Kegiatan Uji Publik Pansel Satgas PPKS Akbid Harapan Bunda Bima yang dilaksanakan pada Jum’at siang, 10 Mei 2024, digelar di Aula Kampus Biru Akbid Harbun

Bima, Garda Asakota.-Akademi Kebidanan (Akbid) Harapan Bunda (Harbun) Kota Bima melaksanakan kegiatan Uji Publik Calon Anggota Panitia Seleksi Satuan Tugas (Satgas) Pencegahan dan Penanganan Kekerasan
Seksual (PPKS) dilingkungan Perguruan Tinggi Akbid Harbun Kota Bima.

Kegiatan tersebut digelar dalam
rangka merespon adanya Surat Edaran (SE) Permendikbud Ristek Nomor 30 tentang Pencegahan dan Penanganan Kekerasan Seksual (PPKS) di lingkungan Perguruan Tinggi Akademi Kebidanan Harapan Bunda Bima.

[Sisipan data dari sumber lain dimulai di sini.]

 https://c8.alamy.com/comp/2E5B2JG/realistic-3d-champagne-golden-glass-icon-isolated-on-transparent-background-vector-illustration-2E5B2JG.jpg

Selain itu, kegiatan tersebut juga sebagai salah satu tahapan menyeluruh proses seleksi Satuan Tugas (Satgas) Pencegahan dan Penanganan Kekerasan Seksual (PPKS).

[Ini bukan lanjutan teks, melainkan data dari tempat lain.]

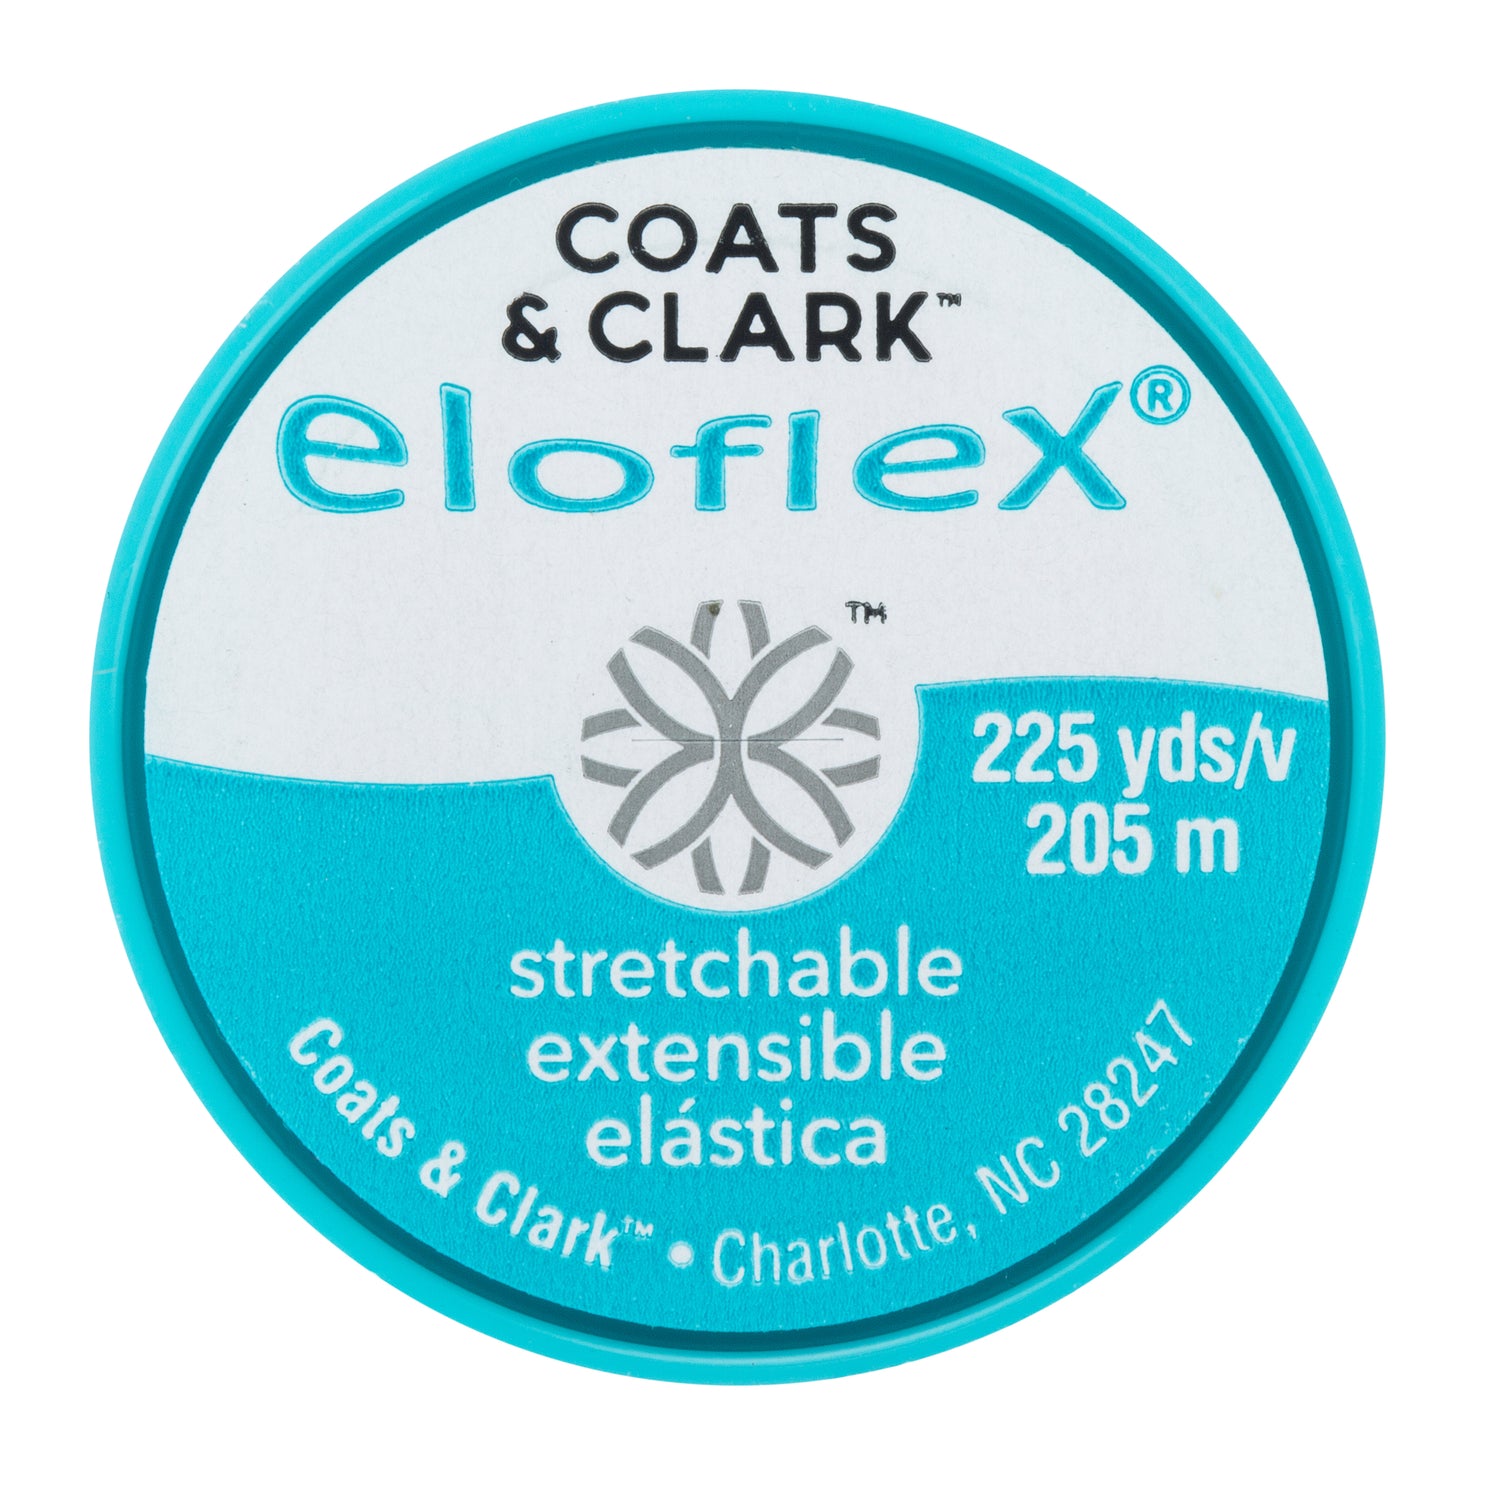 Coats & Clark Eloflex Stretchable Thread All Variants

Kegiatan yang dilaksanakan pada Jum’at siang, 10 Mei 2024, digelar di Aula Kampus Biru Akbid Harbun dihadiri
oleh LPA (Lembaga Perlindungan Anak) Kota Bima, Bagian Kemahasiswaan Akbid
Harbun, Peserta pansel satgas PPKS, observer serta segenap Civitas Akademika.

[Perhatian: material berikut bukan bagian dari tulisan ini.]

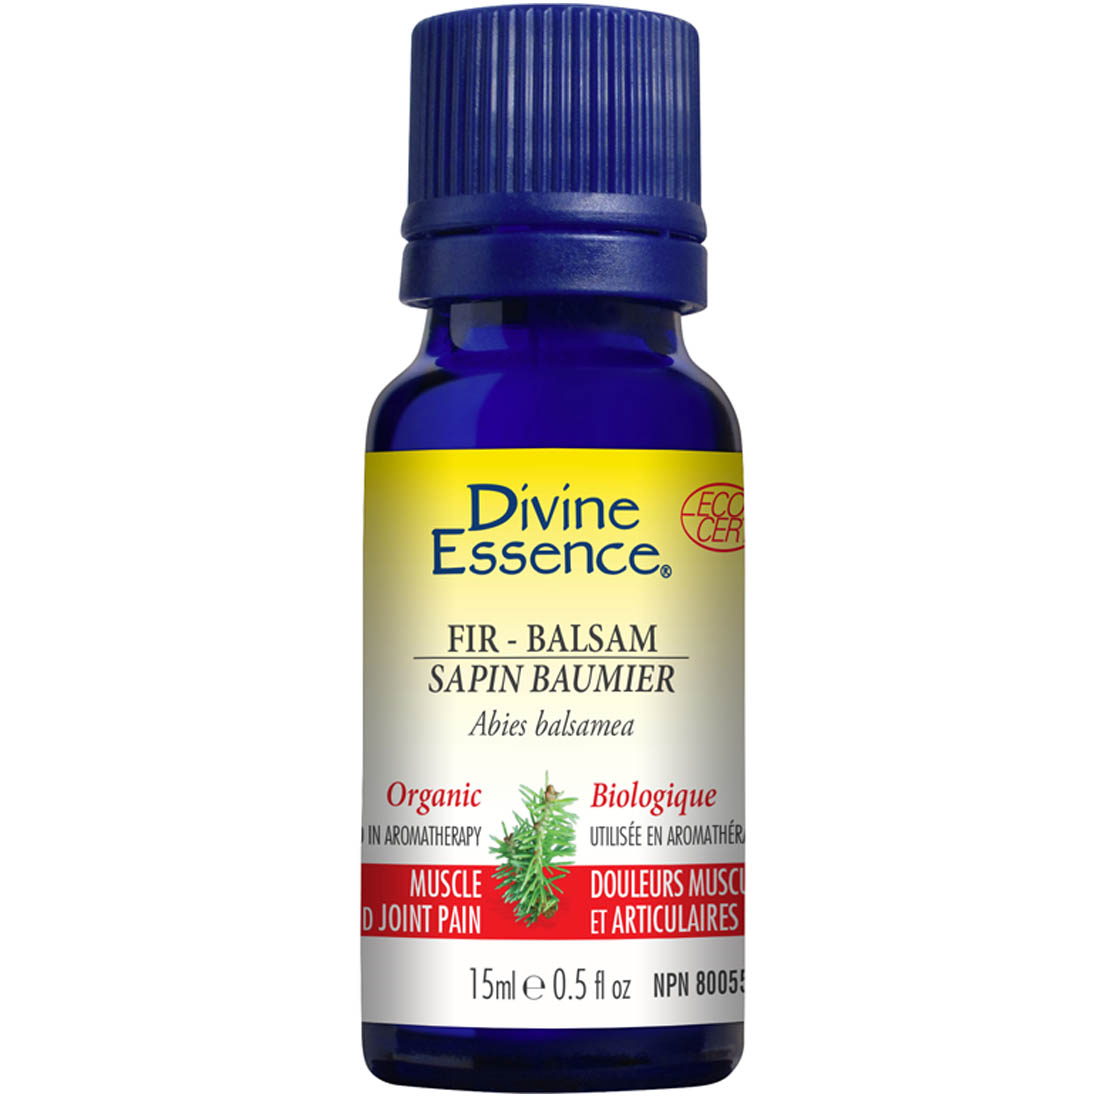 Divine Essence Fir Balsam Essential Oil (Organic), 15ml

Direktur Akbid Harbun Bima, Nurbaety,.S.SiT,M.KM. mengatakan dengan adanya Permendikbud Ristek Nomor 30 tahun 2021 maka Perguruan
Tinggi perlu melakukan beberapa tahapan salah satunya pembentukan Tim Satgas
PPKS.

“Untuk itulah pada hari ini kita laksanakan uji publik satgas PPKS,” ujar Nurbaety.

Satgas PPKS ini, lanjutnya, nantinya diharapkan dapat membantu terciptanya ekosistem perkuliahan yangbkondusif hingga dapat meningkatkan antusias mahasiswa belajar di Perguruan Tinggi serta dapat menjadi garda terdepan perwujudan kampus merdeka dari
kekerasan seksual.

“Satgas PPKS yang terpilih nantinya adalah orang orang yang memiliki tanggungjawab yang sangat besar dalam
pencegahan dan penanganan yang akuntabel secara hukum dan berpihak kepada korban,” timpalnya.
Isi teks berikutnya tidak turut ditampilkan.